AIT is among six colleges that between them will save €1.5 million on their electricity bill after jointly tendering for a single energy supplier under cost-cutting plans devised by the Minister for Education and Science, Batt O'Keeffe.
AIT, NUI Galway, Institute of Technology Carlow, St Angela’s College in Sligo, Cork Institute of Technology, and Institute of Technology Tallaght have formed the Shannon consortium to get better value for money for utilities such as electricity.
The move by the colleges comes following the establishment by Minister O’Keeffe of a steering group chaired by the Higher Education Authority (HEA ) to identify ways to cut costs and create efficiencies in the universities and institutes of technology.

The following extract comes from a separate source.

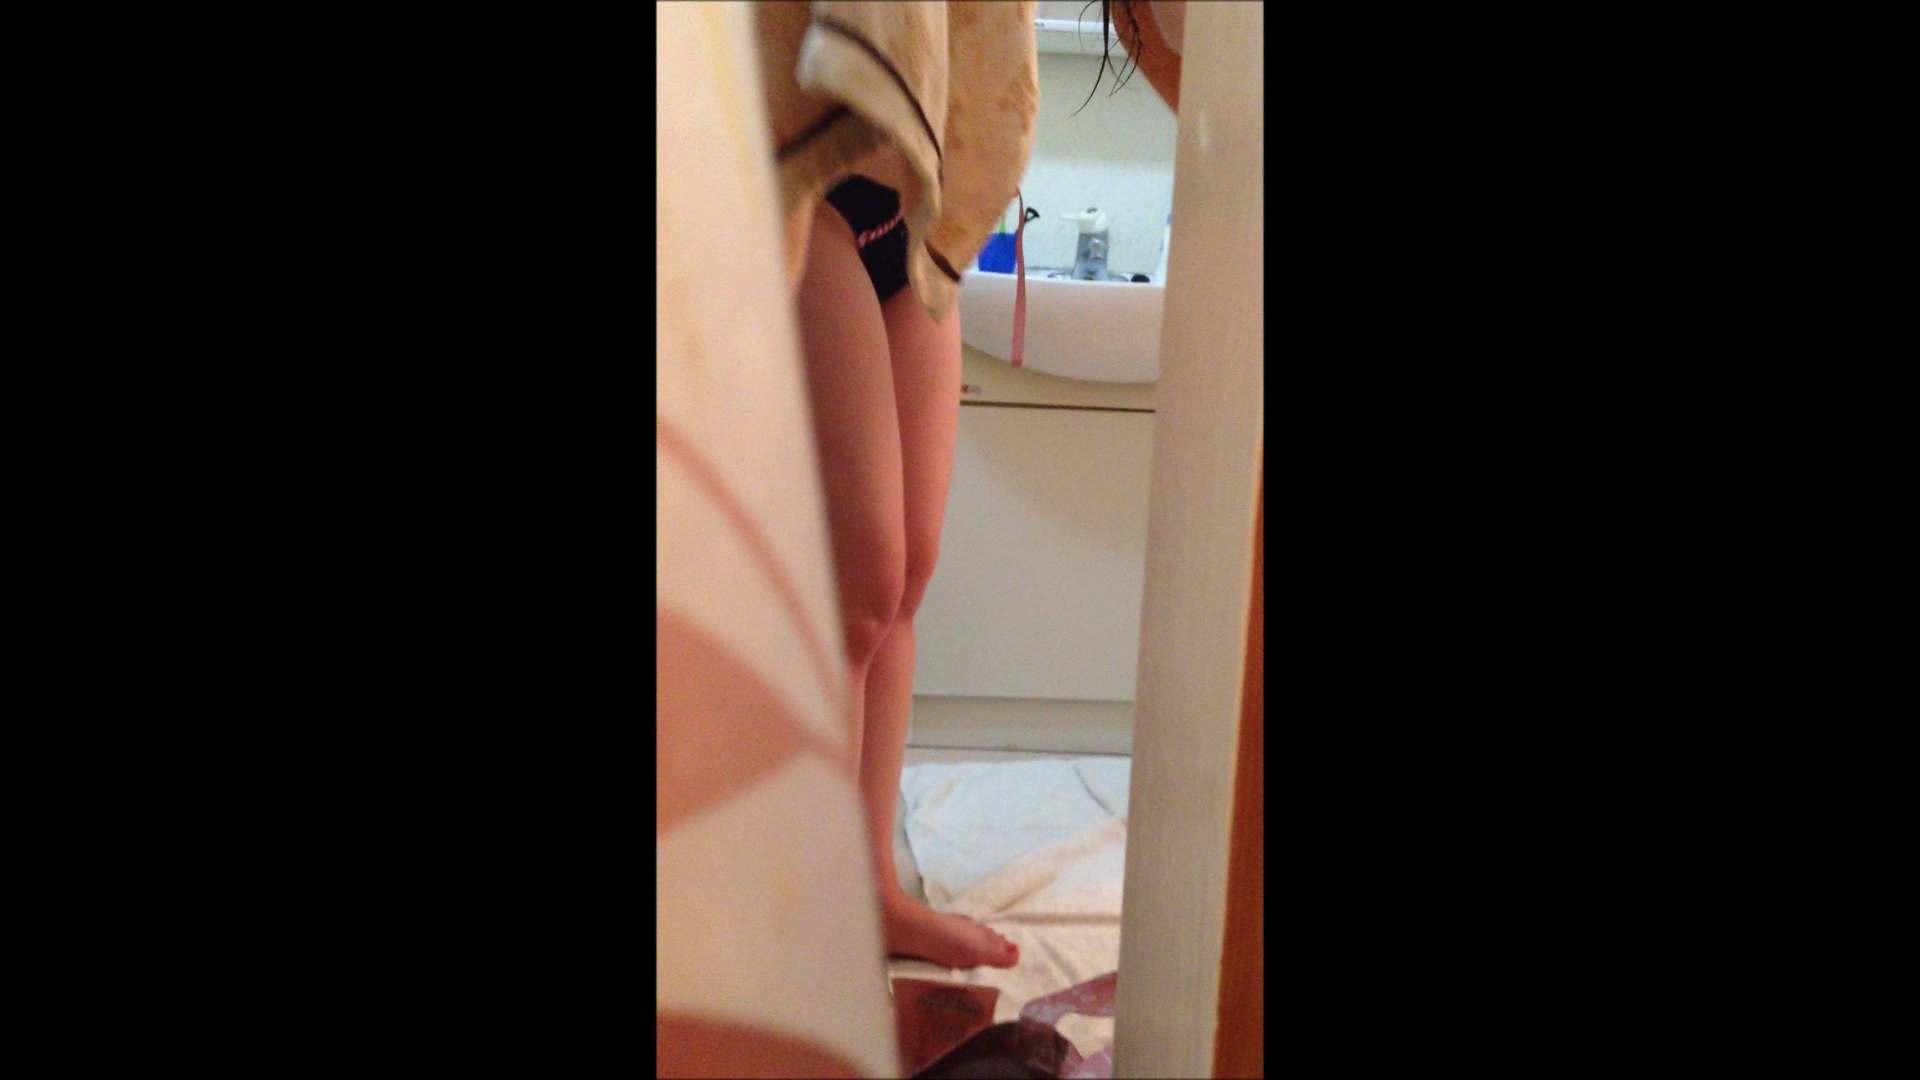 ハメ撮り 09(9日目)彼女も風呂を撮られるのに慣れてきたような・・・ 大奥

Last year, the electricity bill for the six institutions came to €4.2 million.
Falling energy costs, group tendering, and greater competition in the market means that this year the institutions estimate the bill will come to €2.7 million - a saving of €1.5 million.
While last year the institutions had a mix of suppliers, Airtricity will this year supply energy to all but St Angela’s College following a competitive tender process.
Minister O’Keeffe said: “It is clear from these savings figures that by applying logical, commonsense shared services, and procurement practices we can cut millions out of our colleges’ annual expenditure.
“I am pleased that our colleges have responded to my challenge to become more efficient and streamlined, cutting the fat out of their budgets and getting better value for money for the taxpayer.
Minister O’Keeffe has now asked his officials to meet management bodies and the National Public Procurement Operations Unit to discuss ways in which schools and VECs can also find savings and efficiencies by pooling their procurement activities for utilities, supplies and services.
Other collaborative procurement options being examined in colleges are in the areas of insurance, cleaning and facilities management, stationery, auditing and information technology.